I am using REAPR software to assess correctness of my de novo genome assembly from HiSeq4000 Illumina reads - this software simply compares theoretical predictions of uniform coverage to actual observed coverage based on mapping component reads back to the inferred assembly. The coverage Vs GC plot from this mapping is shown at this link - https://ibb.co/k3Efvb
This means there is GC-bias in coverage exists, but is very minimal because the slope (solid black line) is almost zero, correct? I find it surprising that average fragment coverage here is < 5X, whereas crude per-nucleotide coverage, based on Lander/Waterman equation C = LN/G =~ 90X!
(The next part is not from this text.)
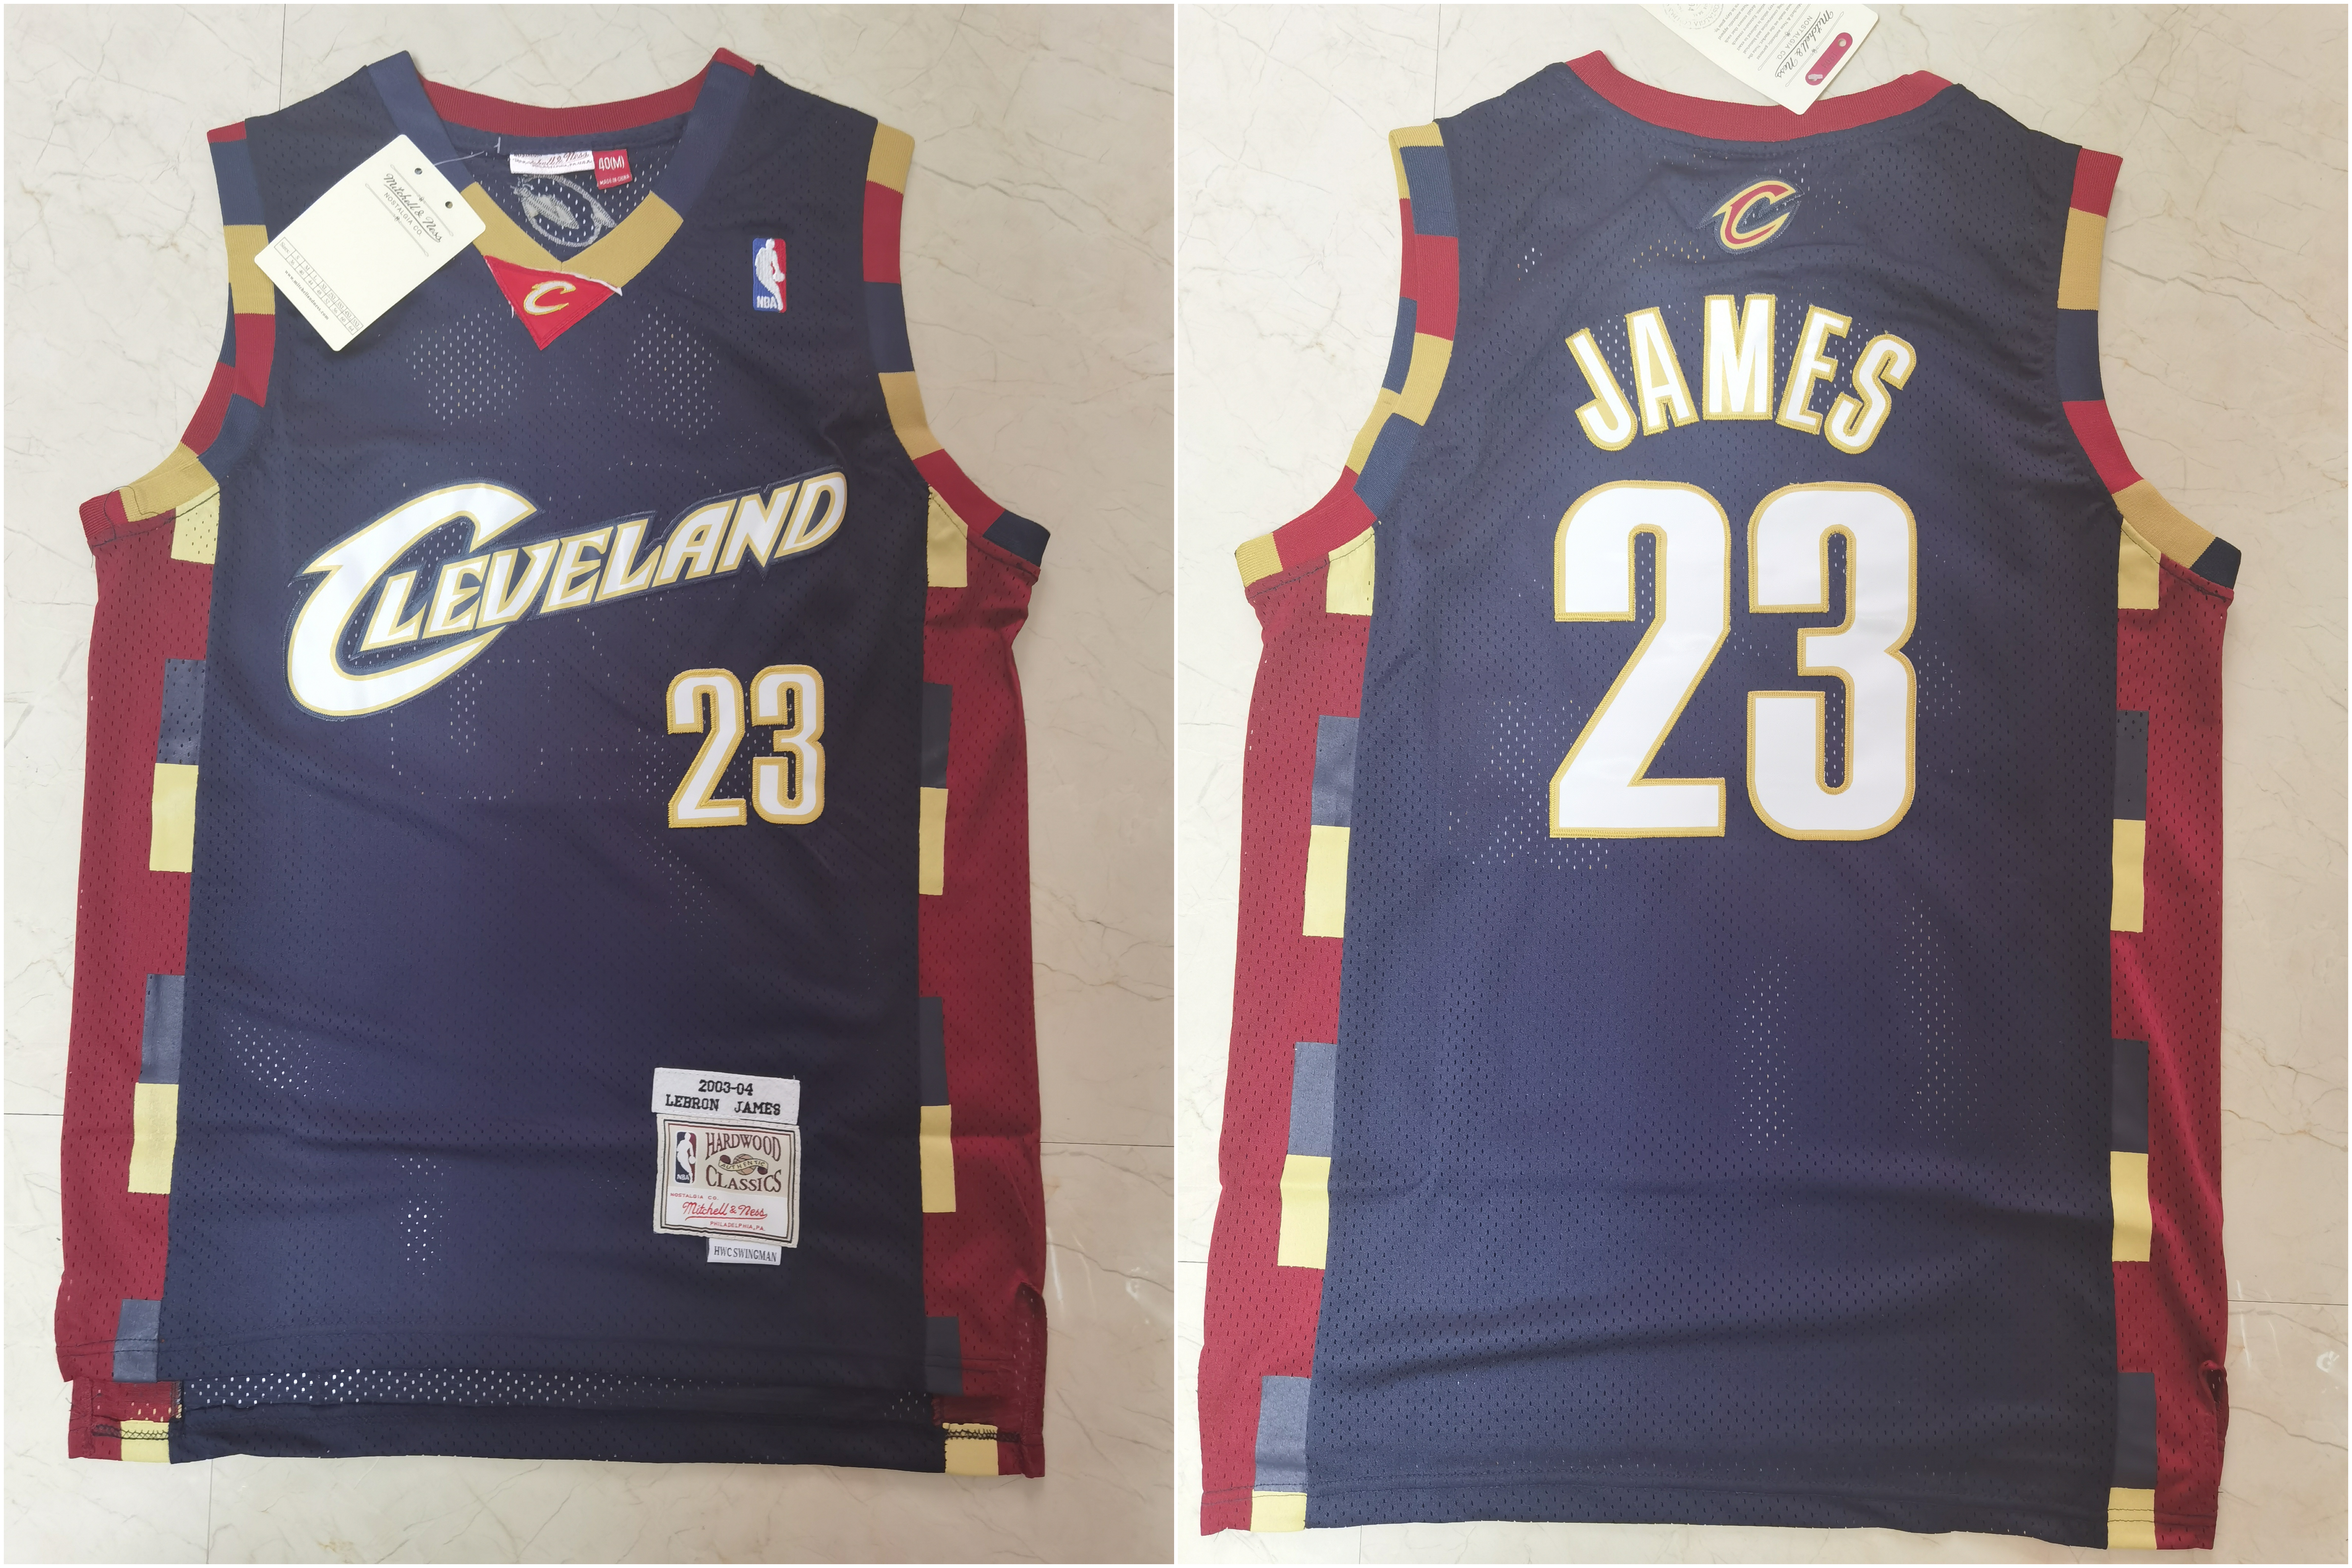 Cavaliers 23 Lebron James Black 2003-04 Hardwood Classics Jersey

If indeed there is some GC bias contributing to coverage depth differences, then is it beyond what is to be expected of my data (haploid, fungal spores) or any data of this type? I ask because there are ~ 90K errors reported by REAPR where observed fragment coverage is ZERO, where the assembly should be, but is NOT broken or gapped at these positions! These are obvious mis-joints, right?
Is it known how and why GC-content dependent coverage bias can result in mis-assemblies during de novo assembly? I've tried a5, a5miseq, ABySS, SPAdes with different pre-processing variations - but to no avail, REAPR always reports about 90K errors.
Related to this potential GC-bias introduced-error, are there other software such as deep Tools' computeGCBias and correctGCBias and GCcorrect, for my purposes? And what is the general consensus about the need and efficacy of such GC bias correction steps / tools - yes, no or dependent on data?
And finally, if it is recommended, at what stage of my pre-processing is this suggested with respects to other steps such as adapter-removal, quality trimming, length filtering, filtering tile, Error Correction etc? THANKS!